J.-D. L. - Les petites étaient détenues dans un espace extrêmement restreint. La pièce en question avait d'abord servi à abriter une citerne d'eau de pluie. Je ne sais pas si l' on s' imagine bien ce que cela veut dire: un mètre de largeur pour deux mètres de longueur et moins d' un mètre septante de hauteur...

- Y avait-il assez de place pour y installer un lit?

J.-D. L - Pas vraiment. Il y avait juste assez de place pour mettre un matelas et les petites dormaient pratiquement l'une sur l'autre. On m" a dit qu'il y avait aussi deux petites chaises pliantes. Par ailleurs, il y avait une petite étagère qui servait de passe-plat et une porte grillagée qui empêchait les enfants d'avoir accès au mécanisme d'ouverture de la porte principale.

- La pièce était-elle éclairée?

J.-D. L. - Il y avait une ampoule mais pas d'interrupteur dans la cache. Le courant était actionné dans la cage de l'escalier en dehors de la pièce.

- Point de vue sanitaire?

J.-D. L. - Un seau. Au plafond, il y avait un petit aspirateur d'air dont le moteur n'était pas plus grand que ceux que l'on peut trouver dans un mixer de cuisine, six à sept centimètres de diamètre. Ce système étant lui-même relié au conduit de cheminée. De telle manière qu'il était impossible d'avoir des odeurs des petites. Comme système d'aération, il y avait au-dessus une buse qui sortait dans le living et qui était nettement apparente. La buse en question était un tuyau en plastique de dix centimètres de diamètre. Evidemment, il n'y avait pas de chauffage. Nos filles ont dû subir le martyre. Vous savez, dans la cache, il ne reste qu'une trace du passage de Julie. Elle a trouvé la force d'écrire son prénom sur le mur. Il y avait aussi un "M", je ne sais pas si c'est Mélissa qui a pu l'écrire ou Julie qui a voulu écrire "Maxime", le nom de son frère. Je ne le saurai jamais...
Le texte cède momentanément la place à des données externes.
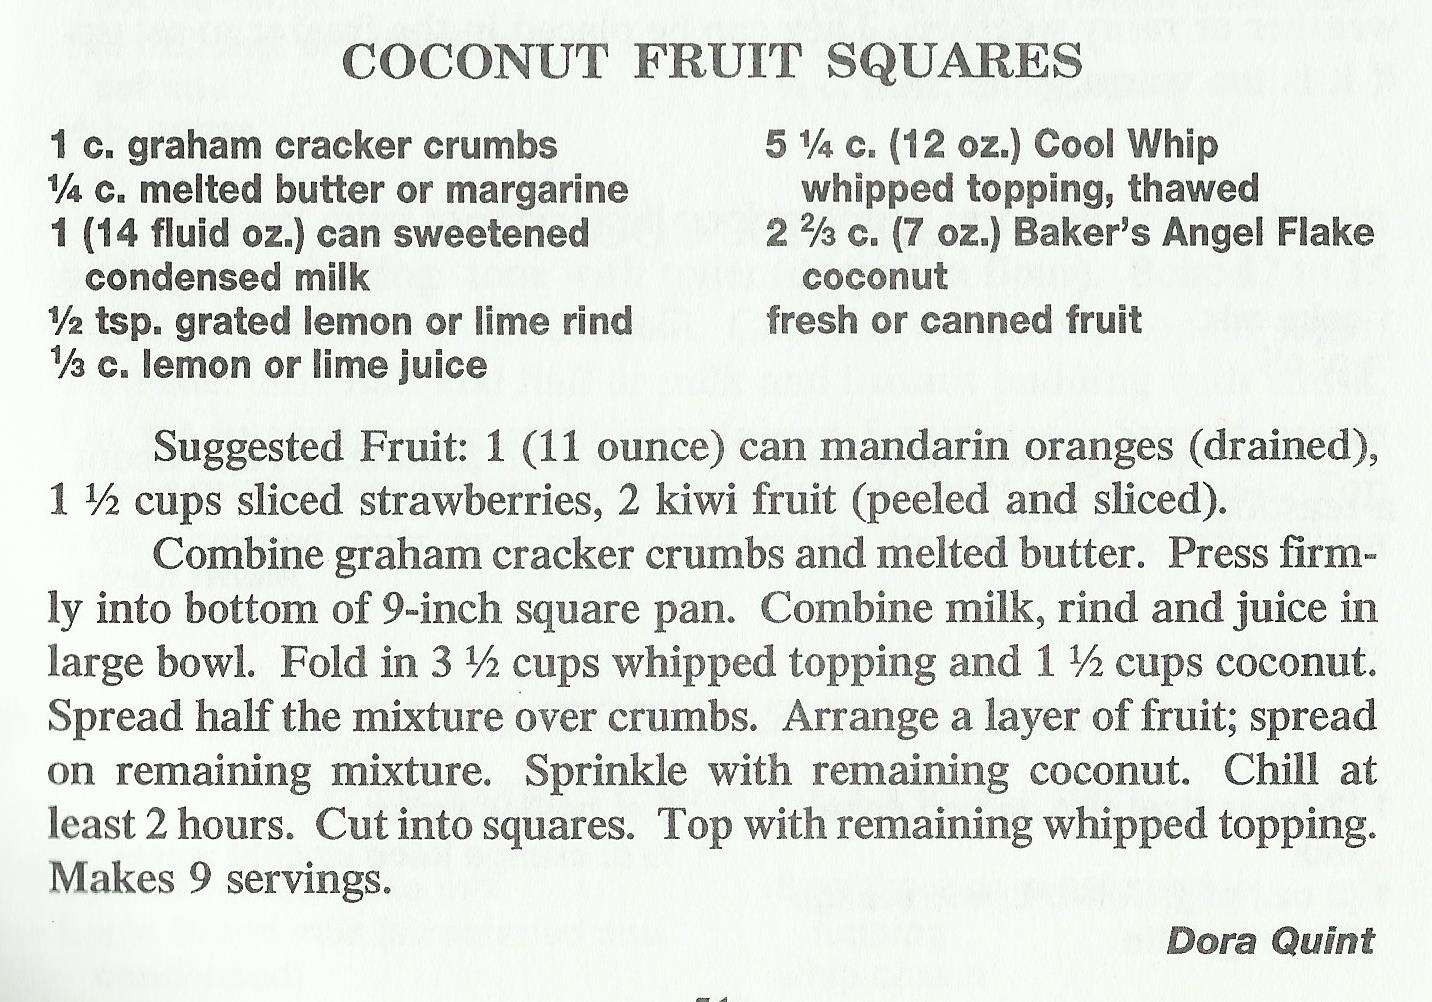 Coconut Fruit Squares

- Envisagez-vous de porter plainte?

J.-D. L. - Quand les manquements et surtout les responsabilités seront clairement établis, il va de soi que nous porterons plainte contre qui de droit pour non-assistance à personne en danger. Des enquêteurs et des magistrats avaient la vie de nos enfants entre leurs mains. On ne peut pas jouer avec la vie des enfants comme l'on mène une partie de cartes. Et c'est ce qui s'est passé dans l'enquête concernant Julie et Mélissa.